3) Sign the Save the Children petition and then pass it onto your friends
4) Write a blog post about it as soon as possible, including information about Save the Children and the petition. We want as many people linked up AND signed up the petition by Sunday 29th May 2011
5) Tag 8 fellow blogger friends
6) Come back and link up your posts, so we can all share your craftiness
7) If you have time, visit each other posts and say hello!

THANK YOU to Maggy from Red Ted Art for tagging me and providing me with the above text/ information from her blog. I am tagging the following friendly bloggers! If you want to join in too PLEASE DO! Link up your portrait and Save the Children post below.

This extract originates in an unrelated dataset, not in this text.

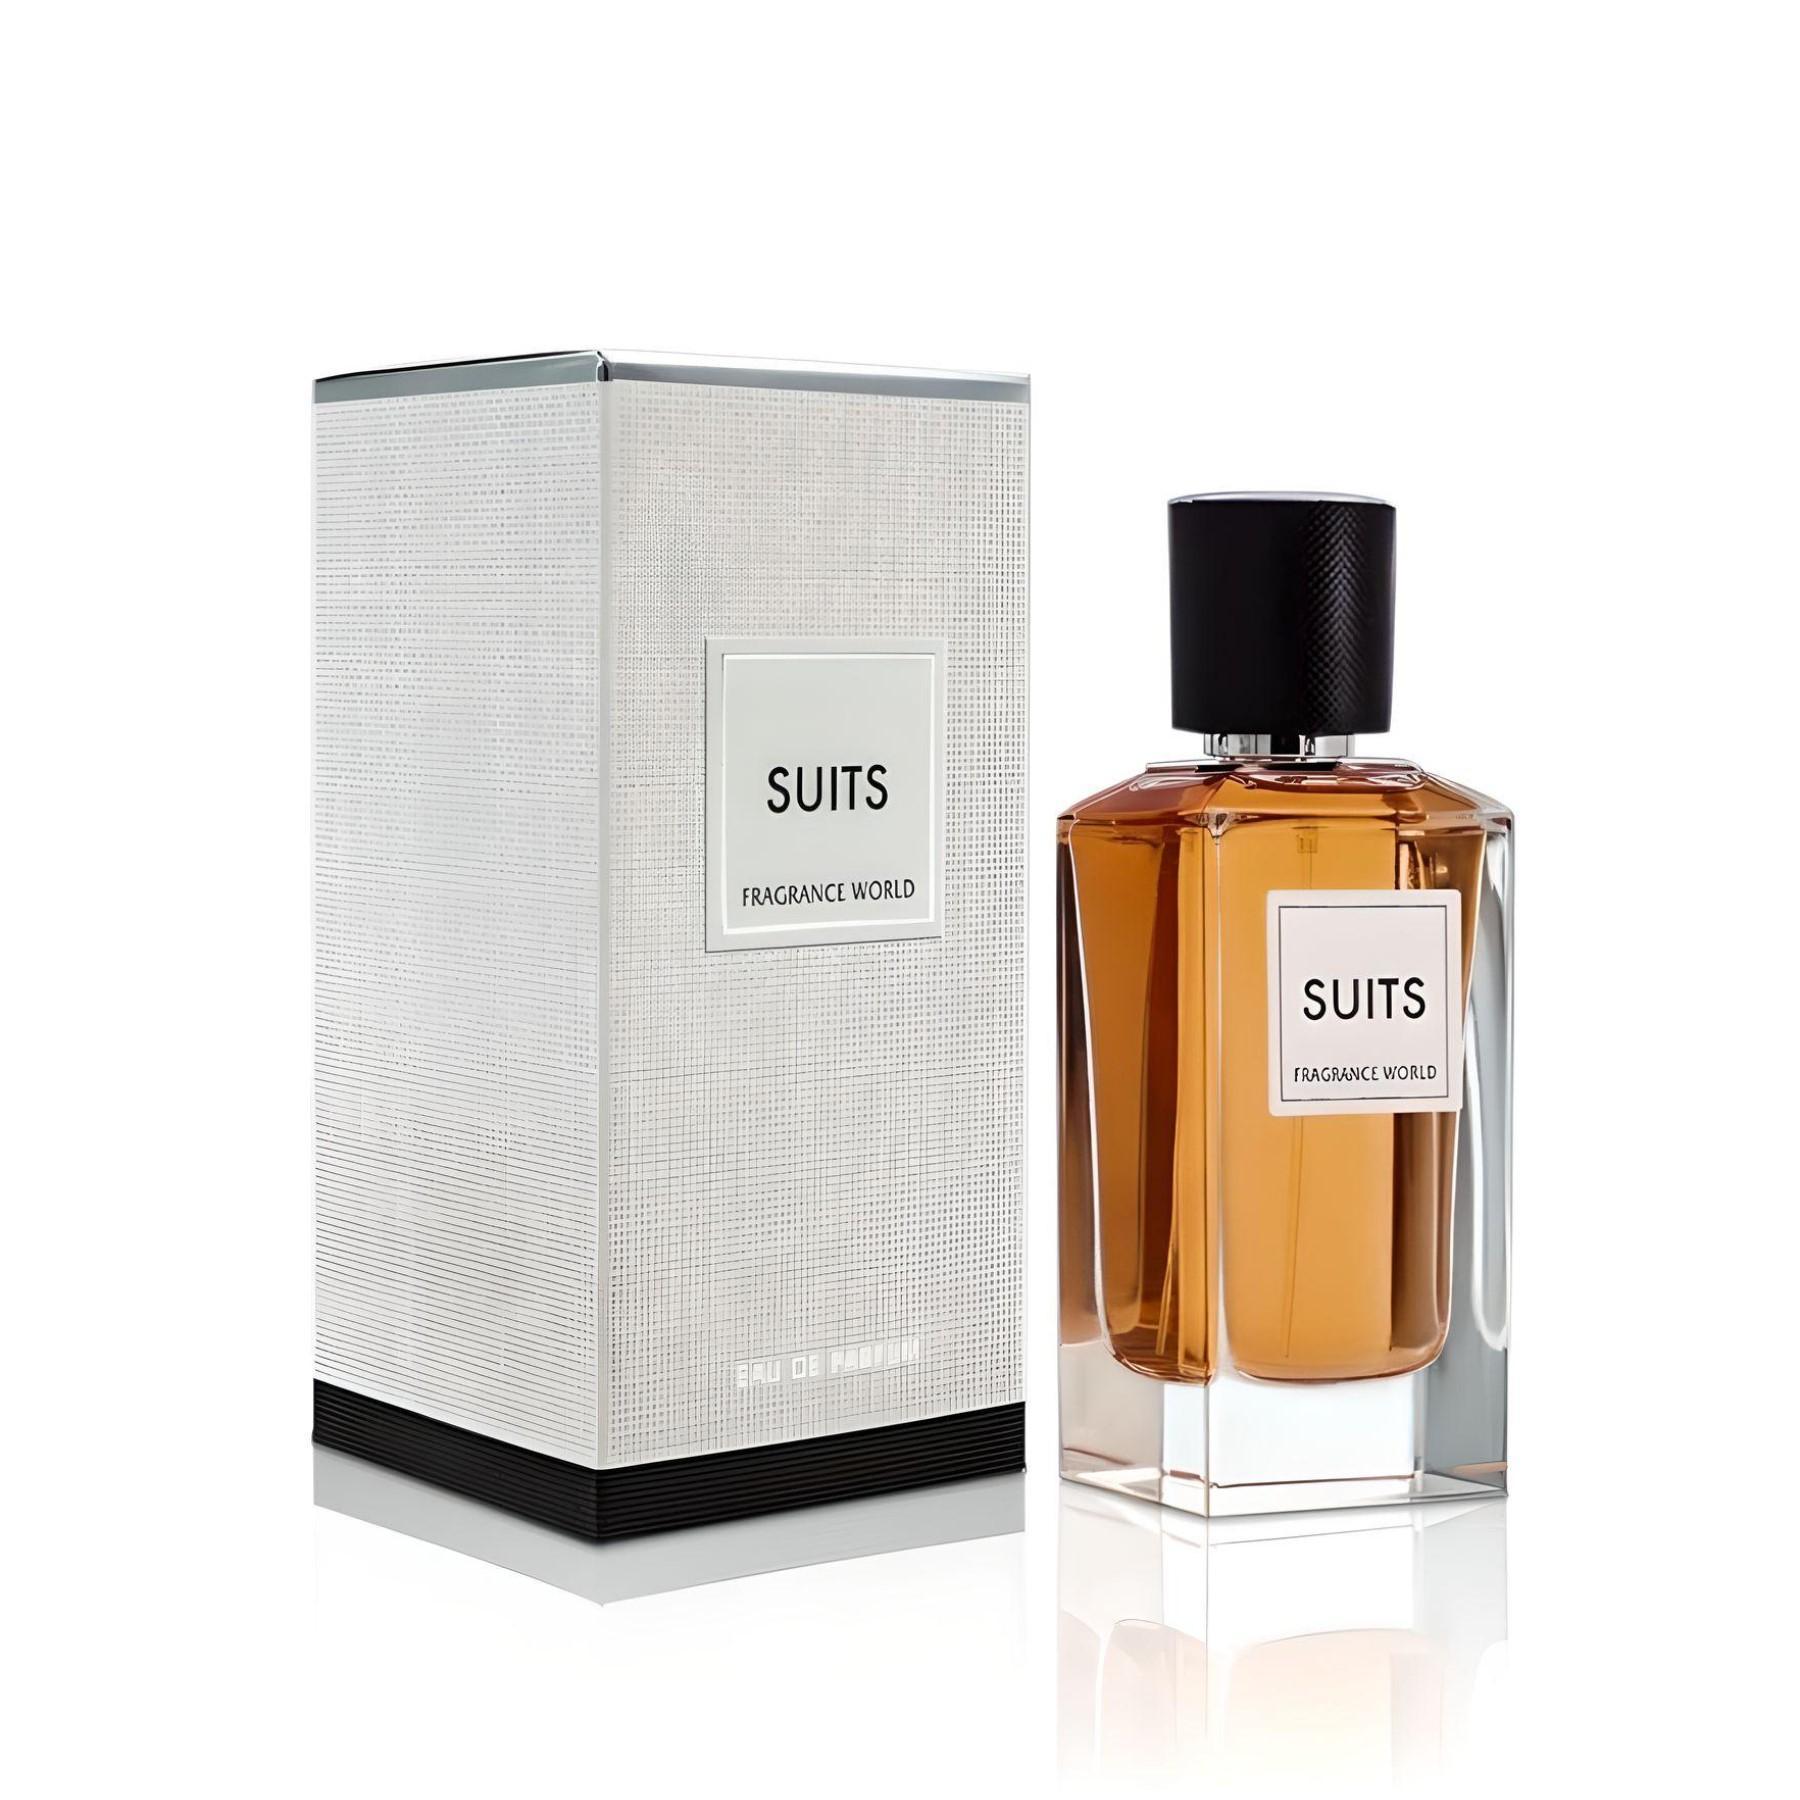 Suits Perfume Eau De Parfum By Fragrance World (Inspired By Ysl Tuxedo)

Jamie from Hands On: As We Grow
Jenny from Let The Children Play
Rachel from Quirkymomma
Rachele from Messy Kids
Catherine from Sun Hats and Wellie Boots
Rachelle from Tinkerlab
Melissa from The Chocolate Muffin Tree
Kate from An Amazing Child


  1. says

    Oh you are clever lady! I keep meaning to do “more” with “real art” – i.e. linking what we do with real artists out there. We have a number of great books that introduce art to children, so we really should do more!

    Love all your upcycling and all your printing! Agree… if you work through lots of sheets of paper you are less like to end up with brown goo.

    And the Self Portraits are awesome.

    You very clever lady!

    Thank you for supporting Save The Children!


  2. says

    I love how you drew this project out over time, giving your children the opportunity to experience their work in its different states. The pearlized paint is gorgeous, and I think it would be a great addition to paint palettes that feel like they need some sprucing up. My daughter always loves it when we try new things, and this would go over really well with her. But the best part is that picture of Cakie with paint all over her face. Priceless!!